The compliment was acknowledged by one of Jake's blandest grins.

"An' you are a monkey from monkey-land," he said. "Vill you dansh mit dot feller?"

"Rats! Vot vill you give me?"

"Vot should I give you?" he asked impatiently.

"Vill you treat?"

"Treat? Ger-rr oyt!" he replied with a sweeping kick at space.

"Den I von't dance."

"Alla right. I'll treat you mit a coupel a waltch."

"Is dot so? You must really tink I am swooning to dance vit you," she said, dividing the remark between both jargons.

"Look at her, look! she is a regely getzke[4]: one must take off one's cap to speak to her. Don't you always say you like to dansh with me becush I am a good dansher?"

"You must tink you are a peach of a dancer, ain' it? Bennie can dance a —— sight better dan you," she recurred to her English.

"Alla right!" he said tartly. "So you don' vonted?"

"O sugar! He is gettin' mad again. Vell, who is de getzke, me or you? All right, I'll dance vid de slob. But it's only becuss you ask me, mind you!" she added fawningly.

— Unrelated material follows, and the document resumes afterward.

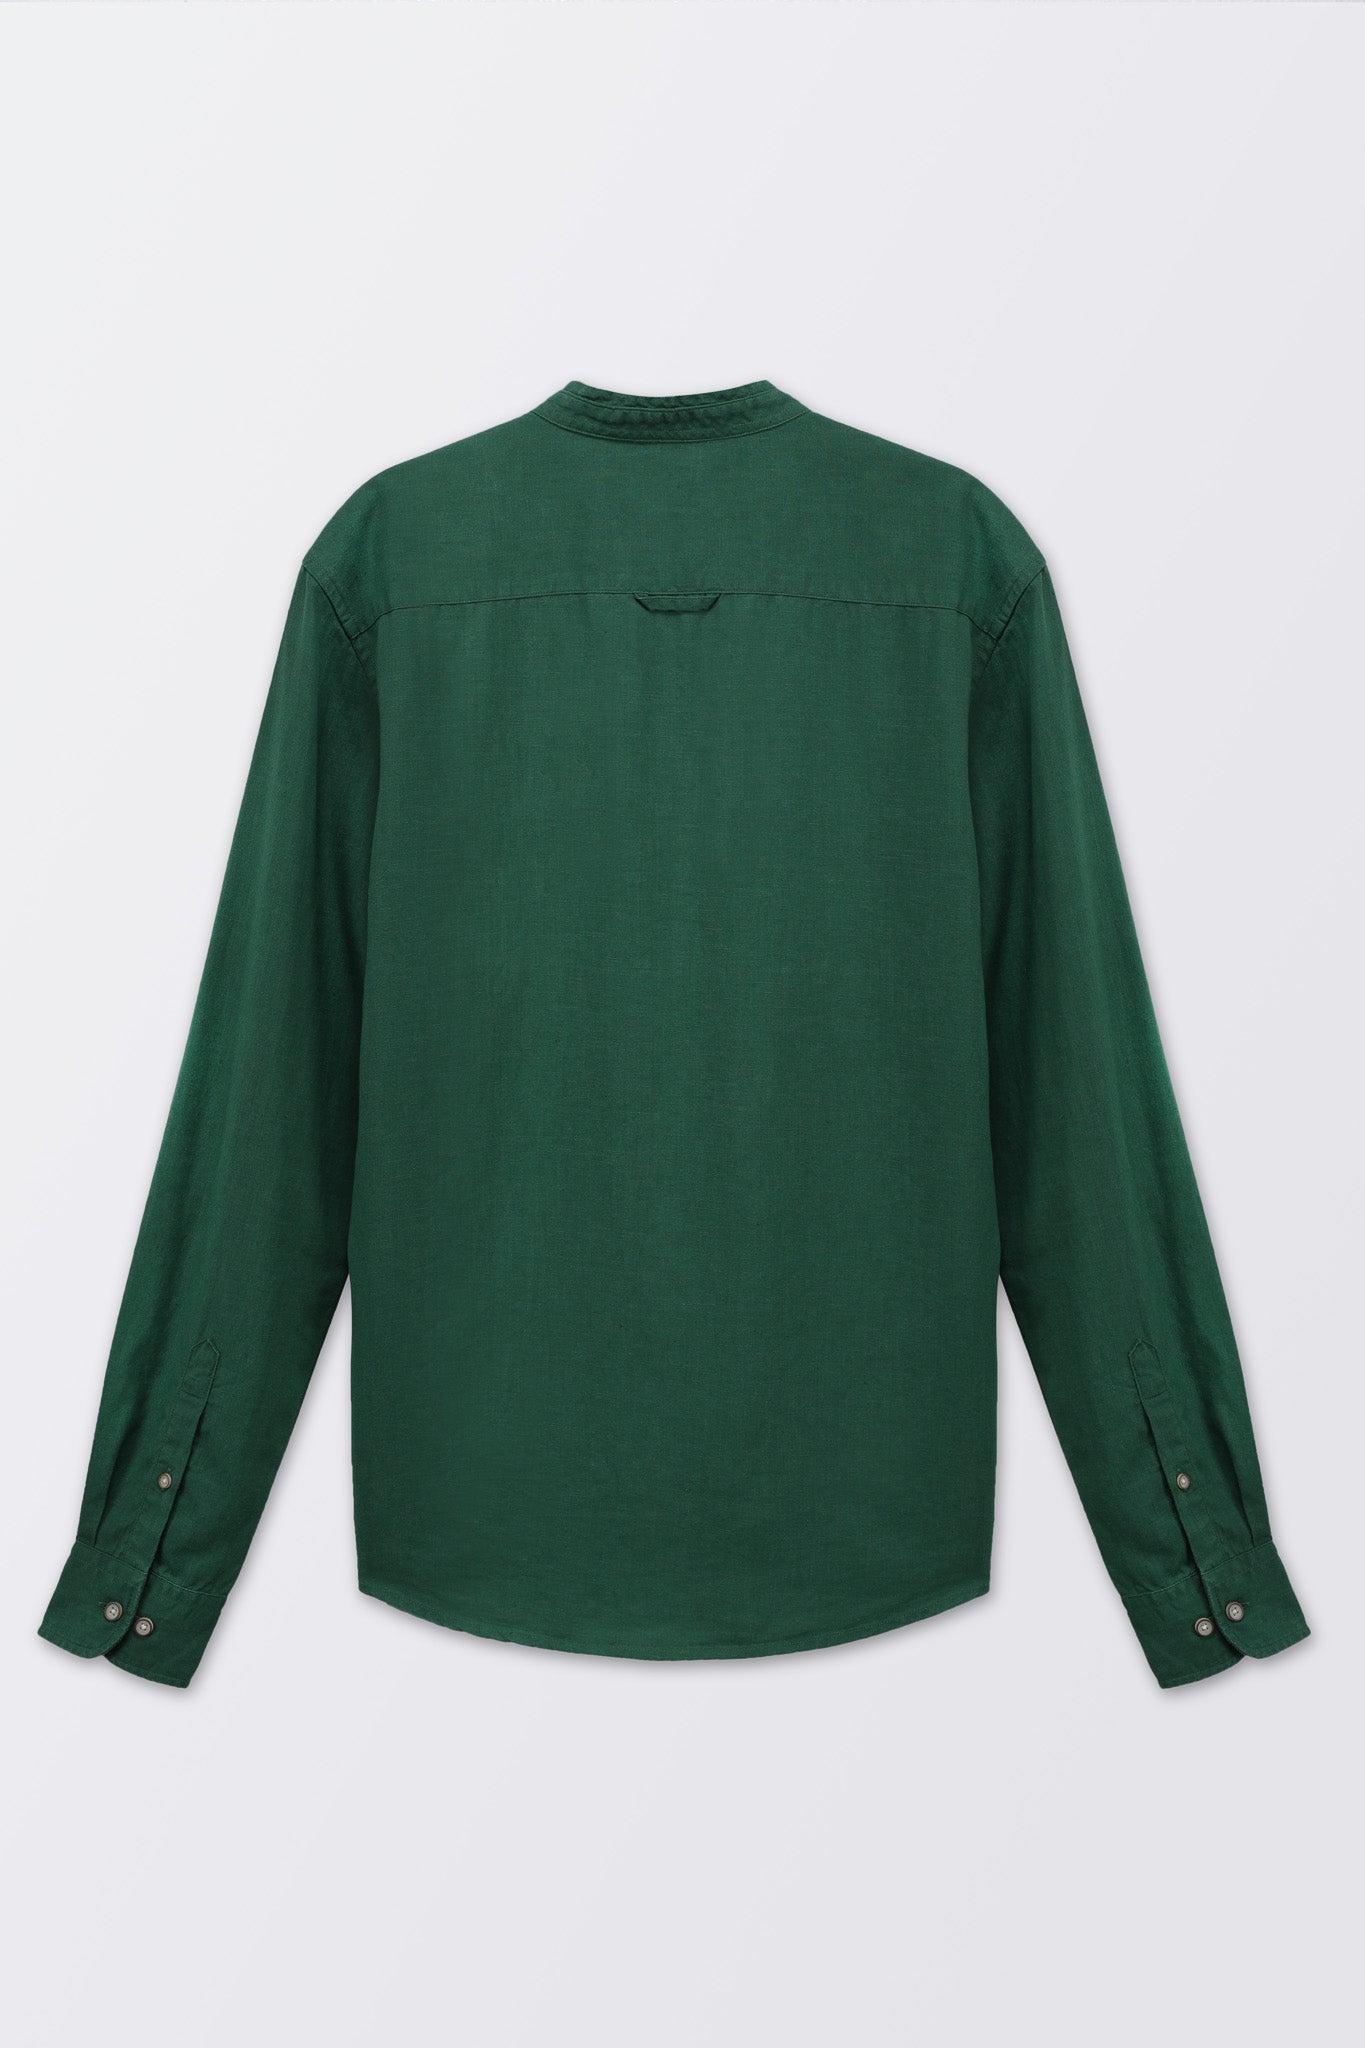 Bare Brown Mandarin Collar Cotton Linen Shirt, Slim Fit with Full Sleeves - Green

"Dot'sh alla right!" he rejoined, with an affectation of gravity, concealing his triumph. "But you makin' too much fush. I like to shpeak plain, shee? Dot'sh a kin' a man I am."

The next two waltzes Mamie danced with the ungainly novice, taking exaggerated pains with him. Then came a lancers, Joe calling out the successive movements huckster fashion. His command was followed by less than half of the class, however, for the greater part preferred to avail themselves of the same music for waltzing. Jake was bent upon giving Mamie what he called a "sholid good time"; and, as she shared his view that a square or fancy dance was as flimsy an affair as a stick of candy, they joined or, rather, led the seceding majority. They spun along with all-forgetful gusto; every little while he lifted her on his powerful arm and gave her a "mill," he yelping and she squeaking for sheer ecstasy, as he did so; and throughout the performance his face and his whole figure seemed to be exclaiming, "Dot'sh a kin' a man I am!"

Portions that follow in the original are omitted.